= Local lymph node assay =

Toxicological test

The murine local lymph node assay (LLNA) is an in vivo test for skin sensitisation.

LLNA has largely superseded the guinea pig maximisation test and the Buehler test. It is considered more scientific and less cruel (lower number of animals; less suffering) and has found broad scientific and regulatory acceptance.

The principle underlying the LLNA is that skin sensitizers induce growth of lymphocytes in the lymph nodes draining the site of application. Lymphocyte proliferation can be measured by radiolabeling (quantifying tritiated thymidine), bioluminescence (quantifying ATP content in lymphocytes) or immunoassay (ELISA utilizing an antibody specific for BrdU).

The test material is applied to the ears of mice. Optionally, a tracer substance such as 3H-Methyl-thymidine or BrdU is injected intraperitoneally for lymphocyte incorporation. The animals are euthanized and their lymph node cells are removed and analyzed. The ratio of tracer incorporation in lymph nodes from dosed animals is compared to control animals, giving a stimulation index (SI). When the stimulation index exceeds 3 (SI > 3), a relevant sensitizing potential is assumed. In contrast to the classical guinea pig tests, the LLNA provides a quantitative measurement of sensitizing potency of a tested chemical.

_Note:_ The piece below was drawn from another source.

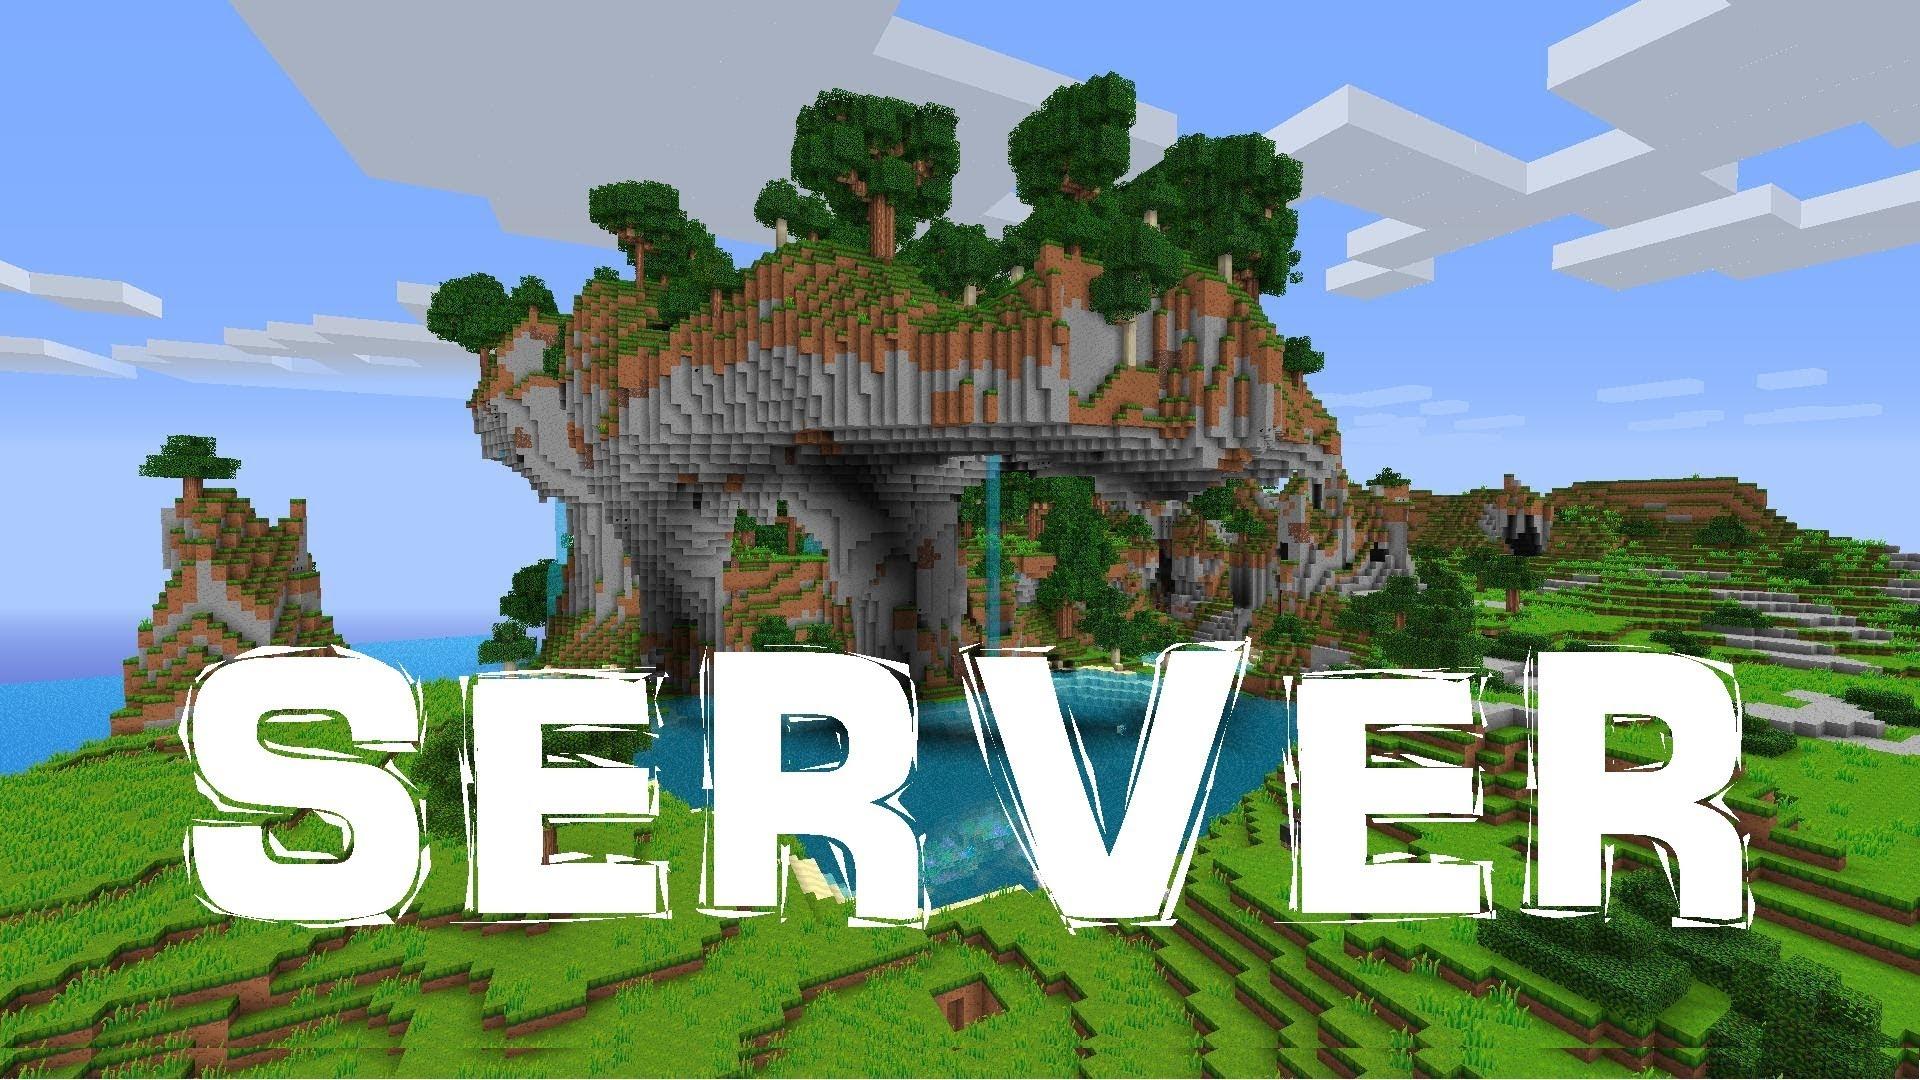 Картинка с надписью мой сервер, приколы
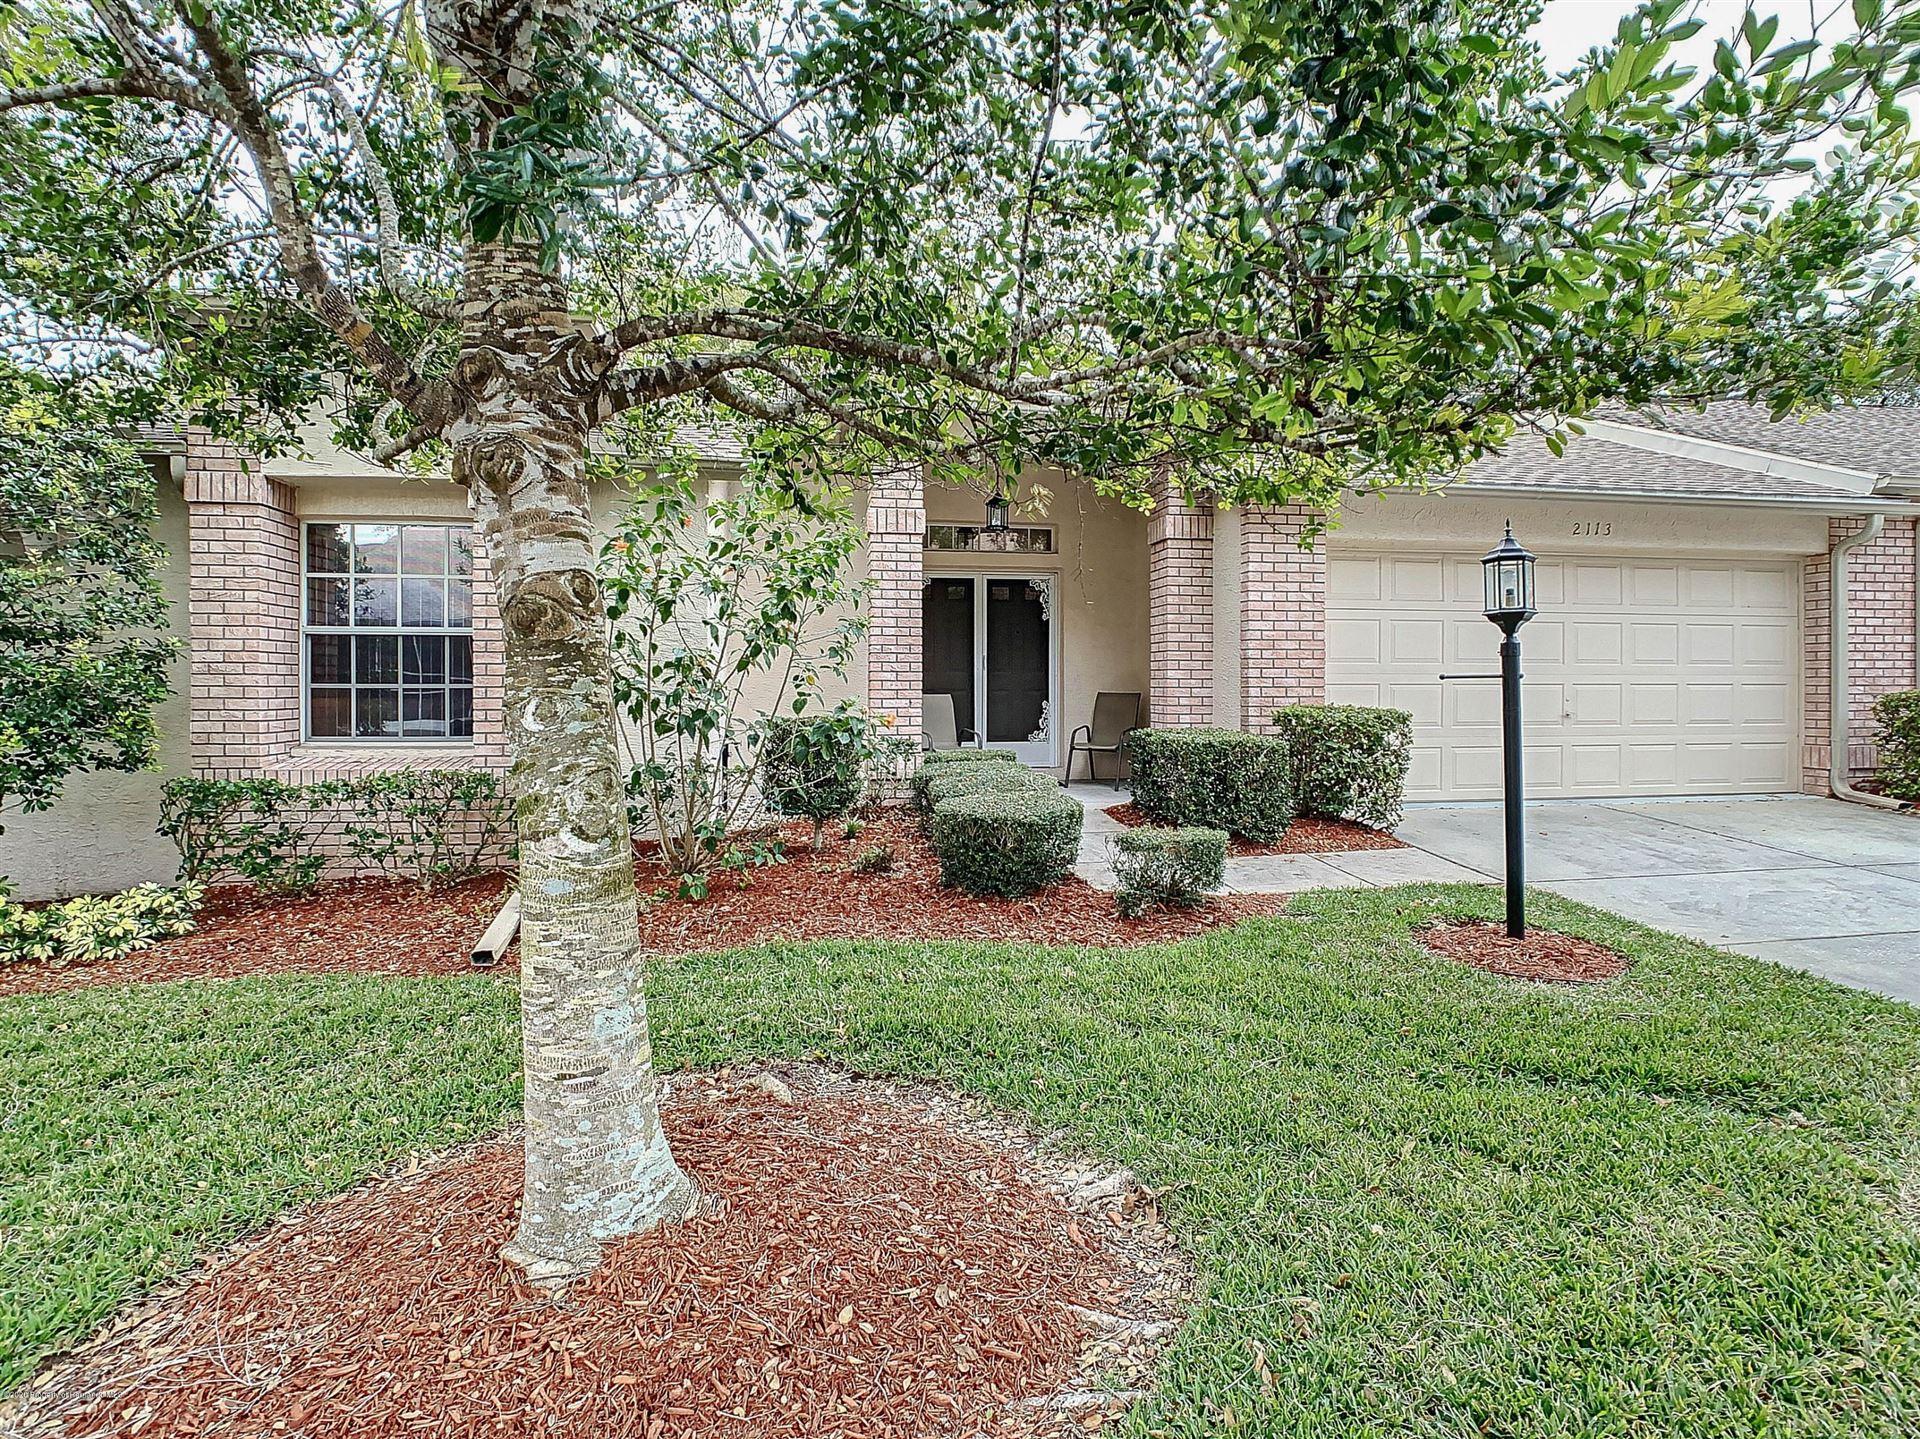 2113 Springmeadow Drive, Spring Hill, FL 34606 - MLS#: 2210683

The LLNA may not be appropriate for certain metallic compounds, surfactants, high-molecular-weight proteins, strong dermal irritants, and materials that do not sufficiently adhere to the ear for an acceptable period of time during treatment. There is no absolute conformity in the sensitizing potential of a substance in mouse, guinea pig and human.

== Regulatory ==
The OECD Guidelines for the Testing of Chemicals guideline No. 429 of 23 July 2010. The BrdU-ELISA method and the BrdU-FCM method are described in OECD Test Guideline No. 442B.

The REACH Regulation, Annex VII, paragraph 8.3 states "The Murine Local Lymph Node Assay (LLNA) is the first-choice method for in vivo testing. Only in exceptional circumstances should another test be used. Justification for the use of another test shall be provided."

According to European Guideline OECD 406 Skin Sensitization, the LLNA or the MEST (Mouse ear swelling test) can be used as a first stage in the assessment of skin sensitization potential. If a positive result is seen in either assay, a test substance may be designated as a potential sensitizer, and it may not be necessary to conduct a further guinea pig test. However, if a negative result is seen in the LLNA or MEST, a guinea pig test (preferably a GPMT or BT) must be conducted.